Let's say the first actual +1 magic weapon you get is the Sorrow, and you don't find any common weapons like Longsword +1 or Greatsword +1 yet. The fighter of the party picks up the Polearm Master feat at level 4 because of this weapon. That itself is a story, how the Druids gave it to her as a gift after rescuing Halsin and saving the Grove, and how she learned to master it. (And lets remove that 1dmg per hit from Sorrow. It's so crippling no one will ever use this flavorful weapon. It's enough to have flavor text of "emitting sorrow" on the weapon. Not every detail has to be underlined with clumsy mechanical properties.
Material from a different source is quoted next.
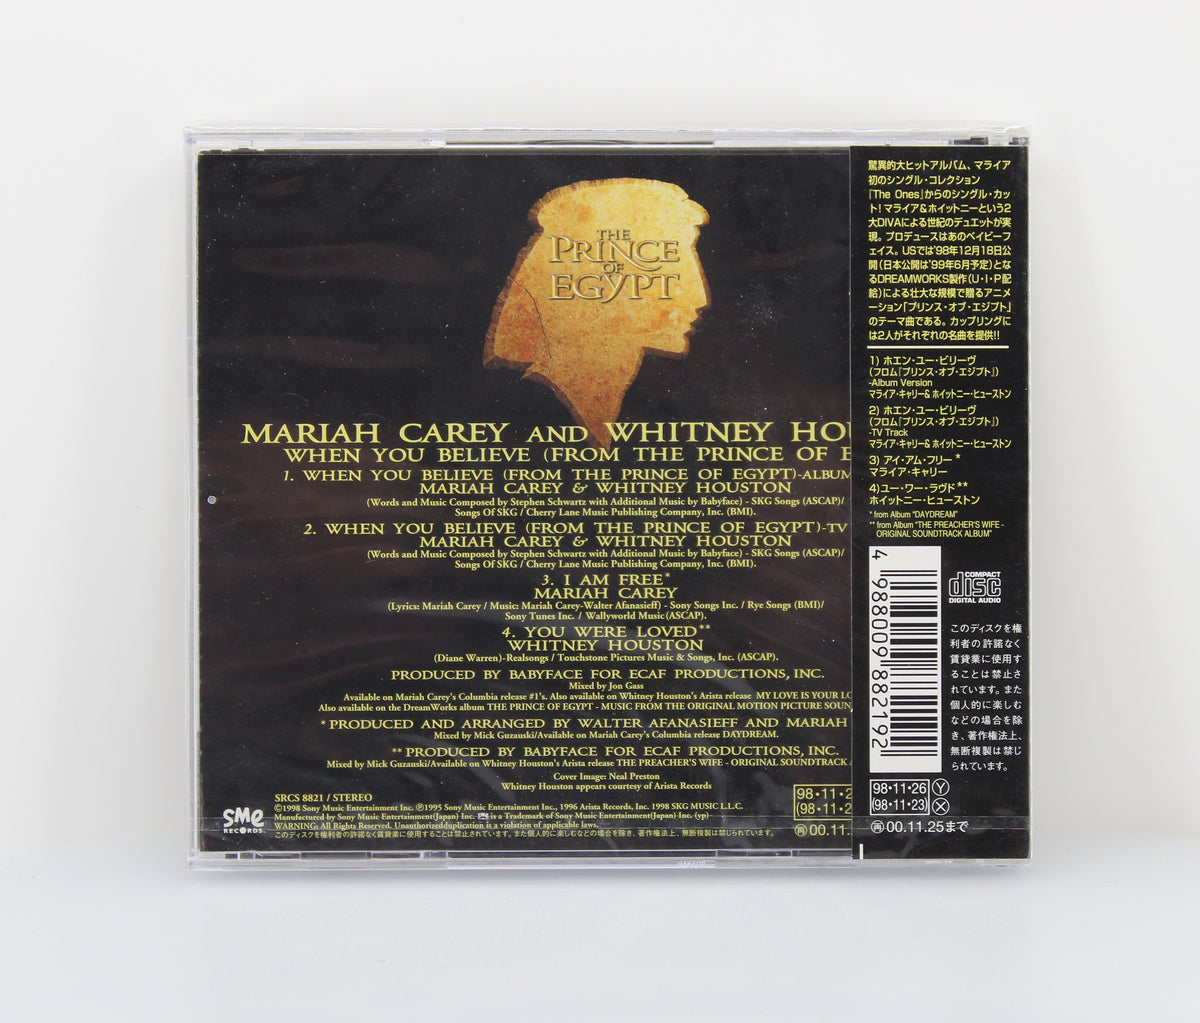 Mariah Carey, Whitney Houston - When You Believe, CD Single, Japan 1998

Sometimes it can just be story and flavor to evoke imagination).

If every PC in the party is loaded with +1 weapons and a bunch of weird conditional items, the coolness and uniqueness of a weapon like Sorrow that has a story is lost in the noise of Sparky Sparkslippers and Protecty Head-Helmets with "if you Jump and Dash on the same turn, you get a Lightning Charge and Disengage against Large Creatures".

If you get an even distribution of magic weapons of all sorts, magic items are no longer a story. It's just gear. You don't make choices based on the items, you get items based on your preference. Magic items are not special anymore, they're mundane. Larian are quickly progressing towards making magic items mundane in BG3.
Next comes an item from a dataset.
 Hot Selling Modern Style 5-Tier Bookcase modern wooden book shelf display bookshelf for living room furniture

And at higher levels everyone will obviously have all sorts of magic gear anyway. It would be good to separate the low levels where you are starved of items and the high levels where you do have choice. That's one contributor to making your character feel like they have progressed. And even at high levels, choice should still exist between +2 this or +3 that, instead of getting everything you want at +3, conveniently from vendors. If you give players everything they want, magic items become mundane gear again. If you don't give players everything they want, you keep alive the thrill of adventuring and finding that awesome weapon in the next dungeon. You should never buy your best gear from vendors. If it's so amazing, why would anyone sell it in the first place?

Just to mention, none of what I'm saying is meant to defend the odd conditional items. They were a misstep, in my opinion.

That said, your point about a limited number of items is well taken. I think that would work incredibly well for the first playthrough. Unfortunately, I don't think it has as much replayability. Once the players know, for instance, that the only magic weapon is Sorrow, then they start to build around that from the start.